Люба не знала того, что тяжелое душевное состояние 39-летнего Михаила во многом связано с последствиями употребления морфия. Да, он сумел преодолеть зависимость от наркотика, но надломленная психика легко поддавалась фобиям и депрессии. Все, что происходило в его писательской судьбе, требовало богатырского здоровья и недюжинных моральных сил. Да и физические условия выживания зачастую были на грани катастрофы — голод и холод мучили Булгакова годами. Он держался за счет огромной силы воли и всепоглощающей любви к своему делу. Но и здесь приходилось сражаться с самыми страшными страхами — сомнением в своих писательских возможностях. Враги били в одну точку с садистским упорством: «не нужен», «не подходит», «запрещен», «бездарен». Булгакова выталкивали из жизни, нанося смертельные раны. Он выдержал благодаря женщинам, бывшим рядом, — Тасе, Любе, теперь его привязывали к жизни сильнейший накал любви и роман, который он писал о ней и обо всем, что выстрадал.

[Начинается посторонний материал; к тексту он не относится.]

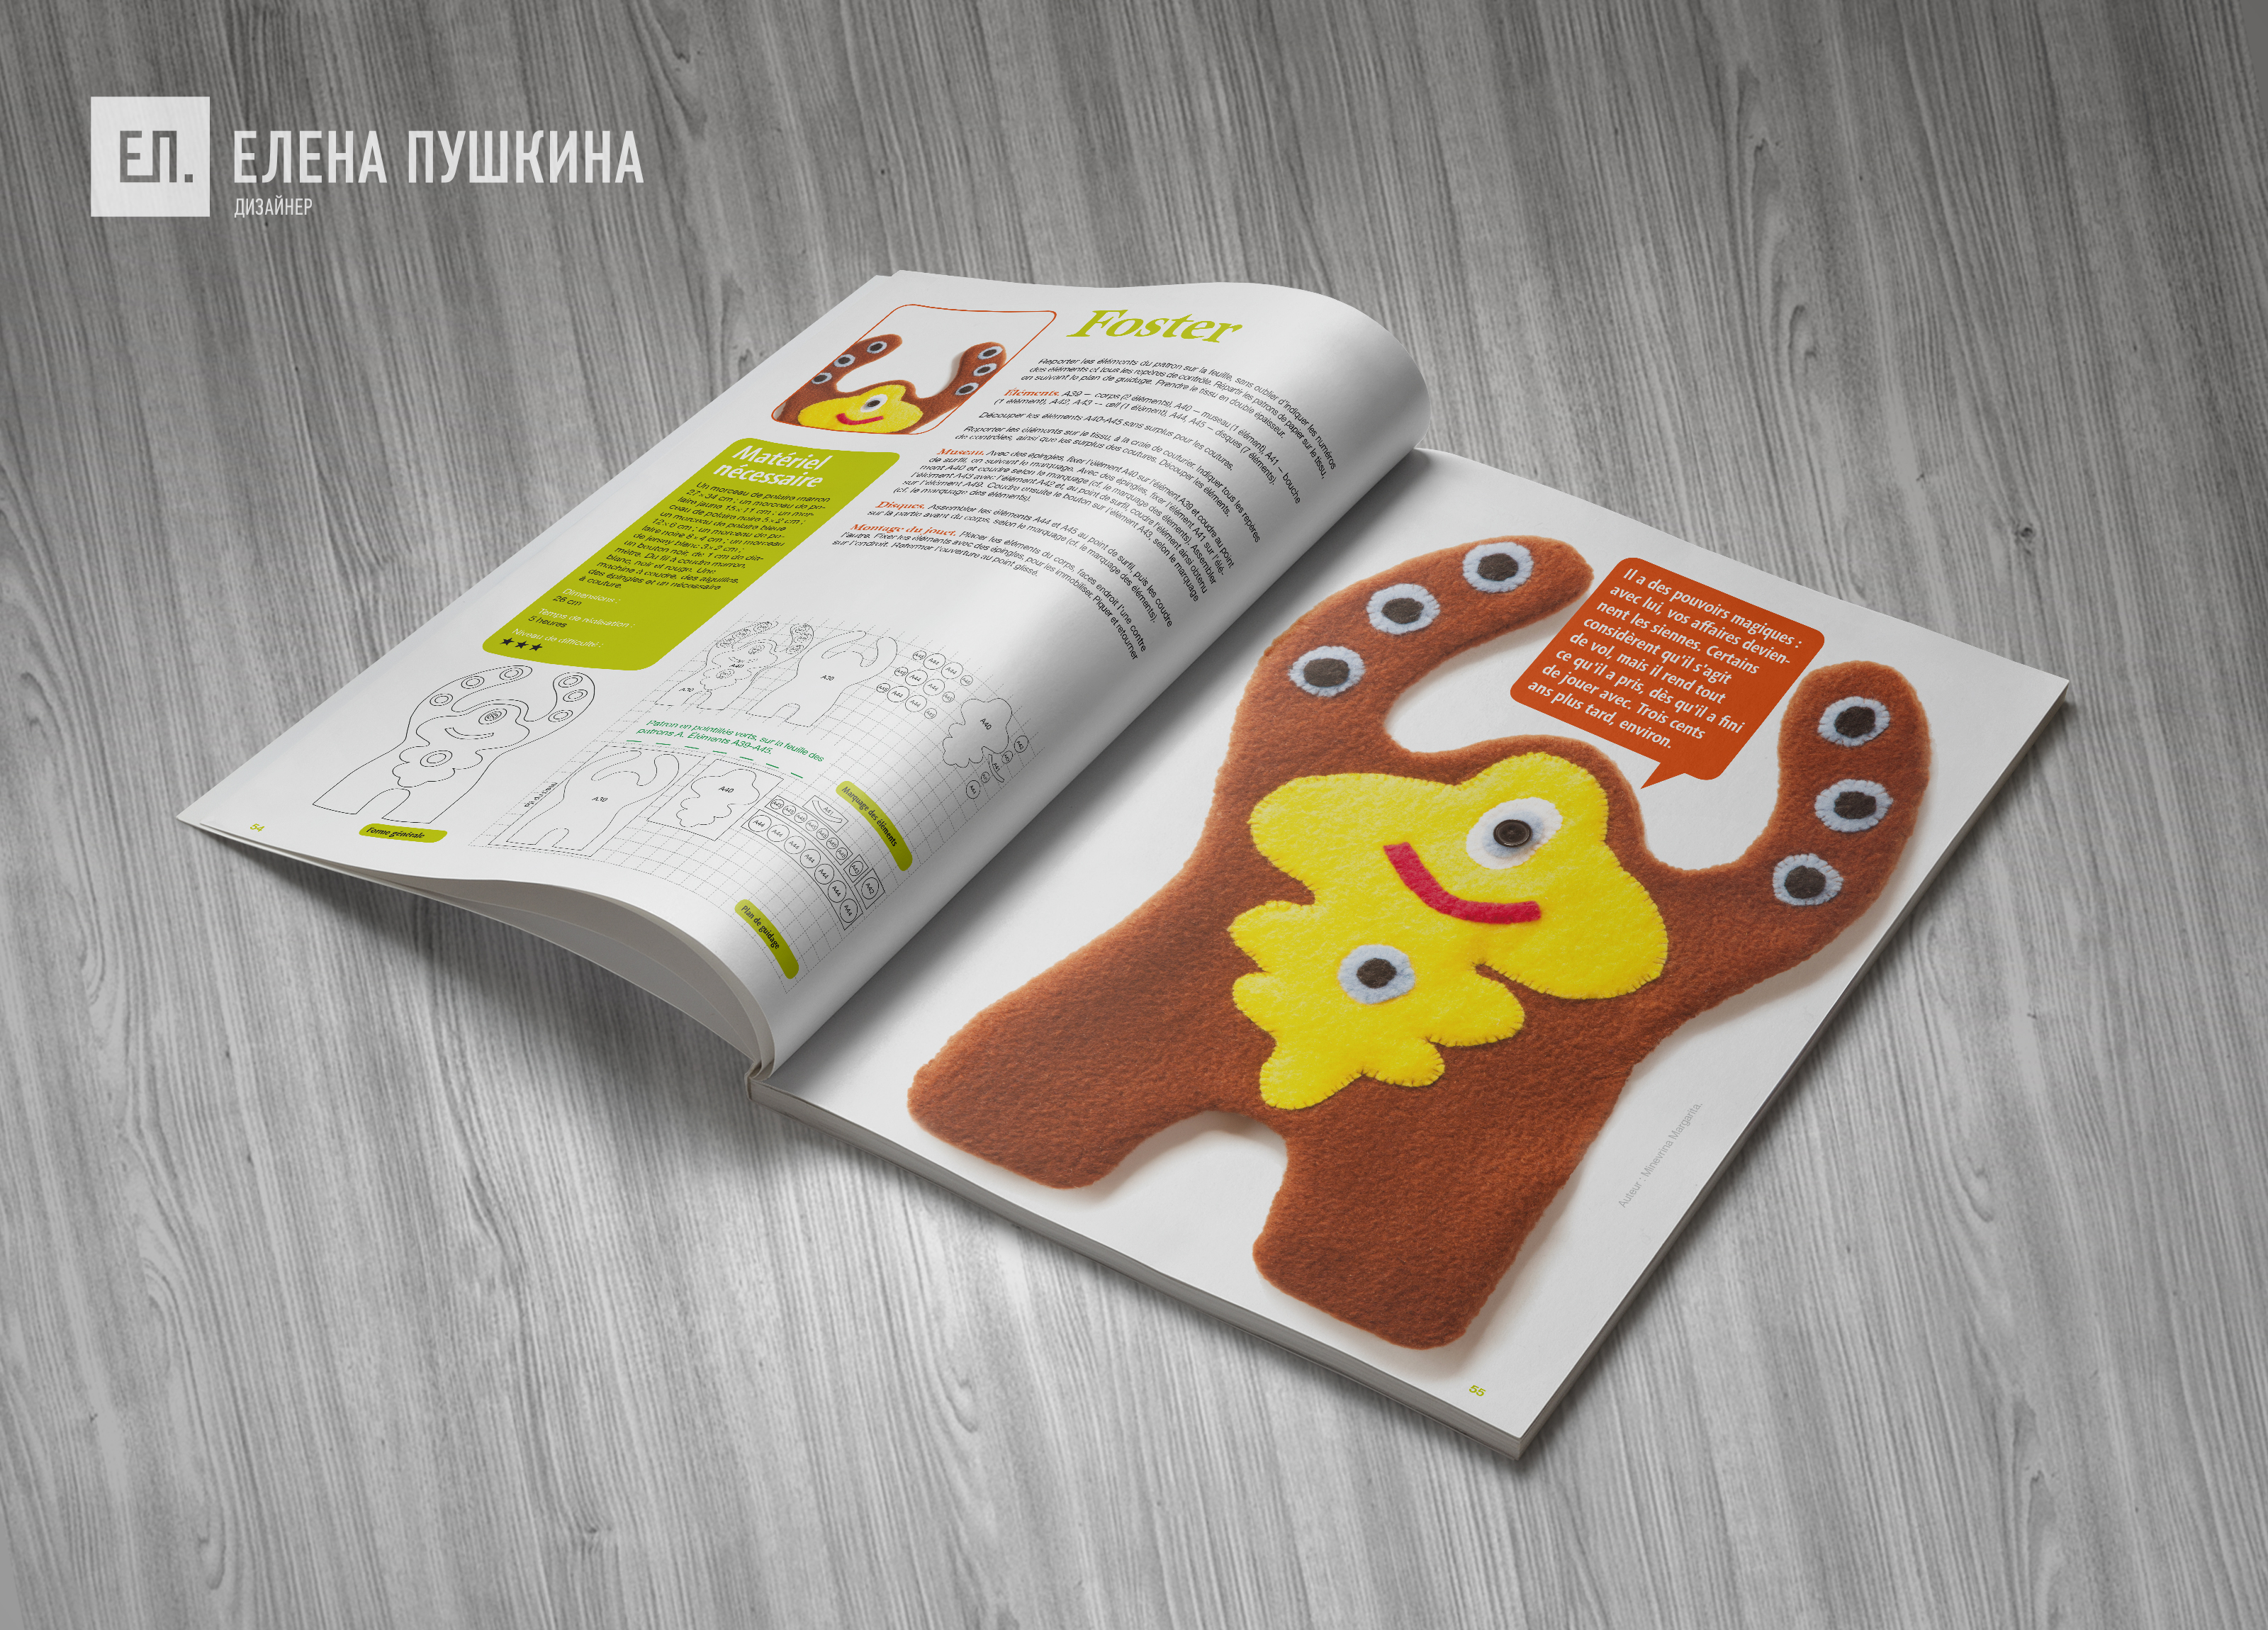 Журнал «Crazy Toys» 2012 для медиа холдинга «Multimedia Press» — разработка дизайна, цветокоррекция и вёрстка журнала Разработка журналов Портфолио

Любови Евгеньевне хватало сил и юмора, чтобы переносить шумные скандалы, вспыхивающие внезапно. Она знала: нервы Михаила перенапряжены, и, успокоившись, он будет просить прощения. Вот расшвырял книги, бумаги, кричит, что не нужен никому… И затих, свернувшись под одеялом, — думает. Потом перебрался за письменный стол, включил лампу и начал писать. Распахнув двери в кабинет, Люба увидела худую спину в накинутой поверх косоворотки штопанной безрукавке.

— К нам гости, Мака! Ляля зашла — принесла для меня французские духи. Ей в посылке прислали. — Люба поднесла к носу мужа изящную коробочку: — Понюхай!

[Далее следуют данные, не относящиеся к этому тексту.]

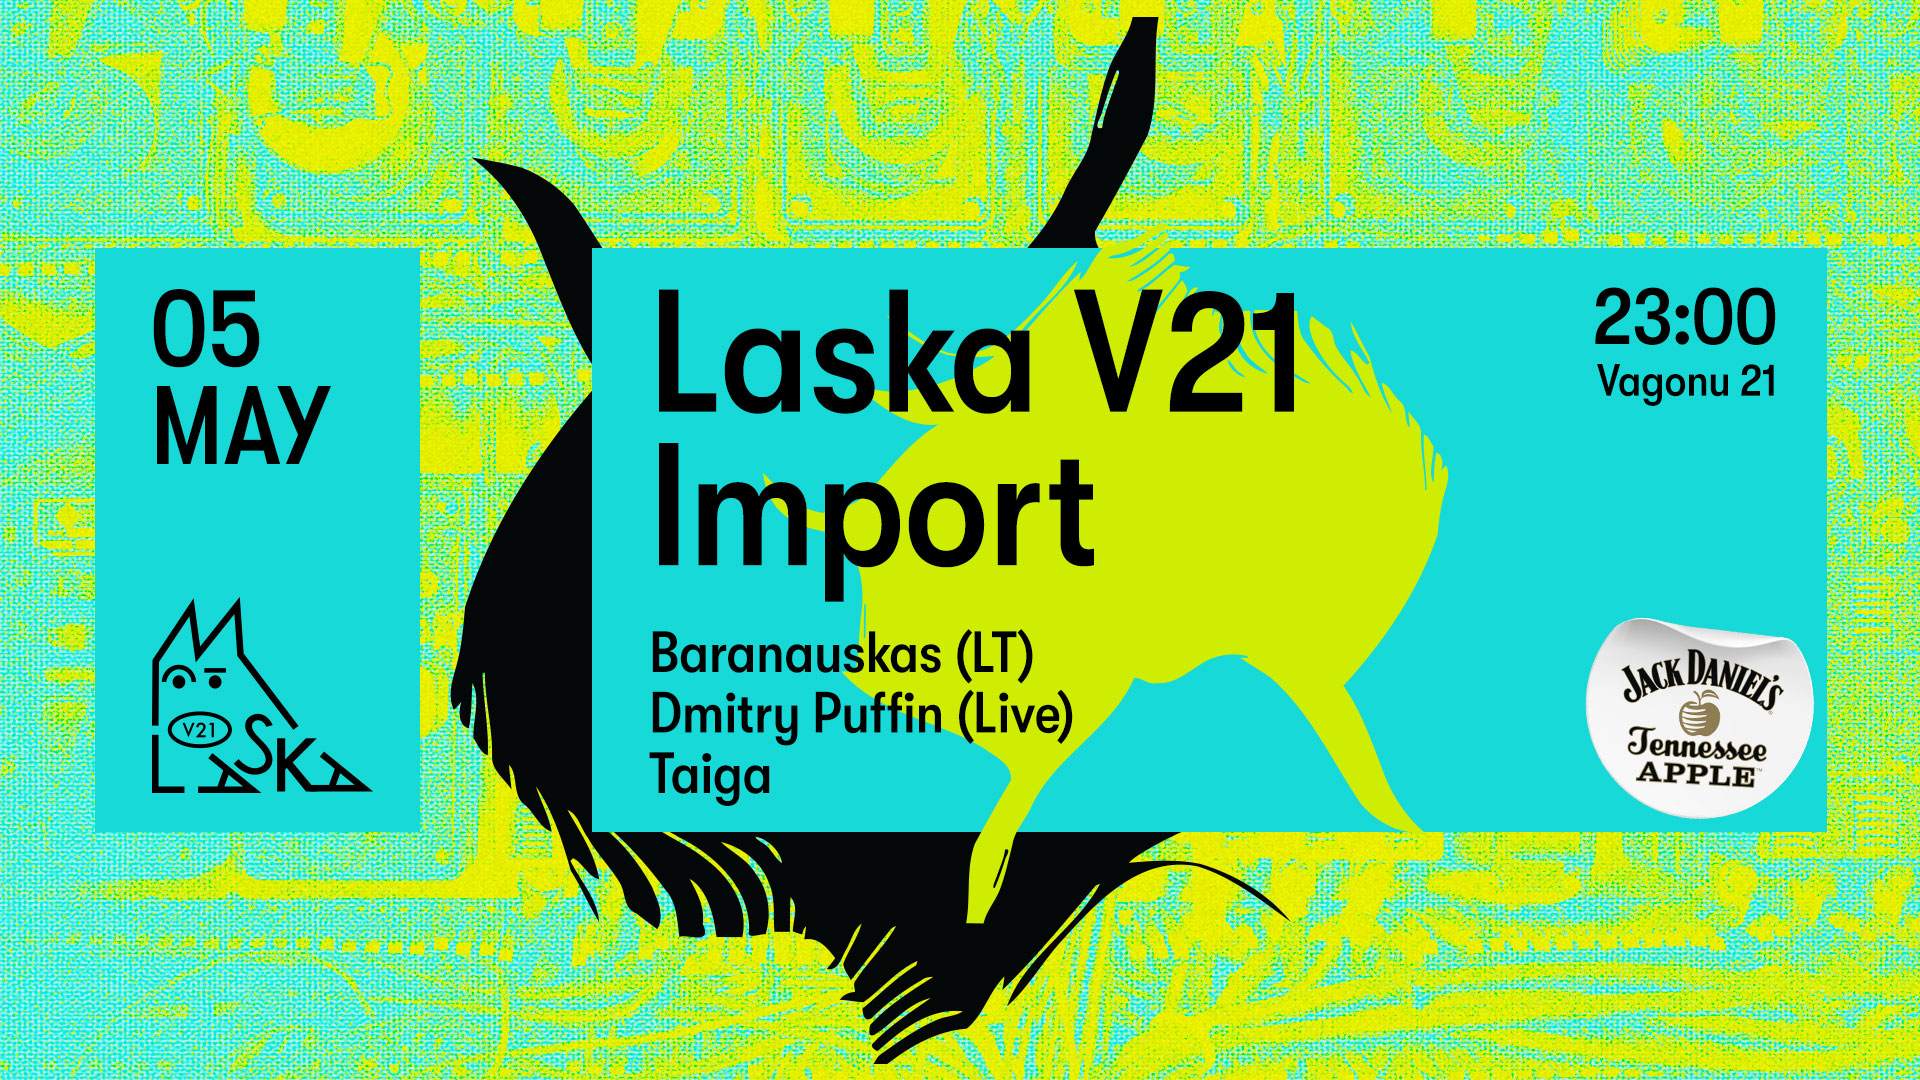 Laska V21 Import - Baranauskas (LT) - Dmitry Puffin (Live) - Taiga - フライヤー表

— Пахнет счастьем нездешним! — Вошедшая Елена протянула руку. — Извините, Миша, что ворвалась без приглашения.

— Это чудесно, чудесно, — мог только выговорить он, целуя руку Шиловской. — Рад видеть.

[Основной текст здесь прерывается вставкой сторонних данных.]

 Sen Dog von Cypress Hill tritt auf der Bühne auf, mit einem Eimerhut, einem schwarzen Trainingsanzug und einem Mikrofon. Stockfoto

— Пишете, Миша? — В голосе Лены прозвучал упрек. — В городе черт знает какие слухи ползут — то ли утопился, то ли застрелился. Вся Москва в волнении. — Она шутила, а в черных глазах, устремленных на его запавшие скулы и взъерошенный ежик, стояли слезы.

— Садитесь, дамы, и слушайте! «Хотел я в море утопиться — вода холодная была. Хотел я с горя удавиться — меня веревка подвела»! А дело, собственно, в том, что мой дух противоречия живуч, как бродячая собака, — не позволяет сдаваться. Орудие писателя — перо. Обмакнул — и снова в бою. Пишу пьесу о Мольере — но какую! Это не наган там какой-нибудь — это царь-пушка. Называется «Кабала святош» — эго такое религиозное общество при Людовике вроде нашей Лубянки.

А теперь внимательно слушайте, вот правлю любопытную сцену — заседание Лубянки, пардон, Кабалы по поводу безбожника Мольера. Я зачту коротко диалог членов этой всесильной секты, выступающих под кличками.

ВЕНЕЦ. Ядовитый червь прогрыз ход к подножию трона и обольстил сердце государя…Что же делать нам, братья?

СИЛА. Позвольте, я скажу. У меня созрел проект. Я неоднократно задавал себе вопрос и пришел к заключению…

ЧАША. К какому заключению вы пришли, брат Сила?

СИЛА. А вот к какому: что все писатели — безбожники и сукины дети.

ЧАША. Сильно, но верно сказано.

СИЛА. Зададим себе вопрос, может ли быть на свете государственный строй более правильный, нежели тот, который существует в нашей стране? Нет! Такого строя быть не может и никогда на свете не будет… И вот вообразите, какая-то сволочь, каторжник является и, пользуясь бесконечной королевской добротой, начинает рыть устои царства…

— Ну, это только выдержка. Как вам? — Михаил посмотрел на слушательниц. Бесконечная печаль отразилась на их лицах.

— Не пойдет? Мольера Кабала приговаривает к смерти. — Михаил хохотнул. — Снова «антисоветские нападки»?

— Миша, ты бесконечно наивен или бесконечно смел, — вздохнула Люба.

— Собственно, это черновой вариант — я спускаю пар. Все будет изложено изящней и аккуратней. И сложнее, уверяю вас!

— Все равно, это не за здравие, а за упокой. За упокой того строя, который и называть не надо. — Елена Сергеевна покачала головой. — Но писать просто необходимо. Я уверена, что множество людей думают так же и пьеса нужна им. Только…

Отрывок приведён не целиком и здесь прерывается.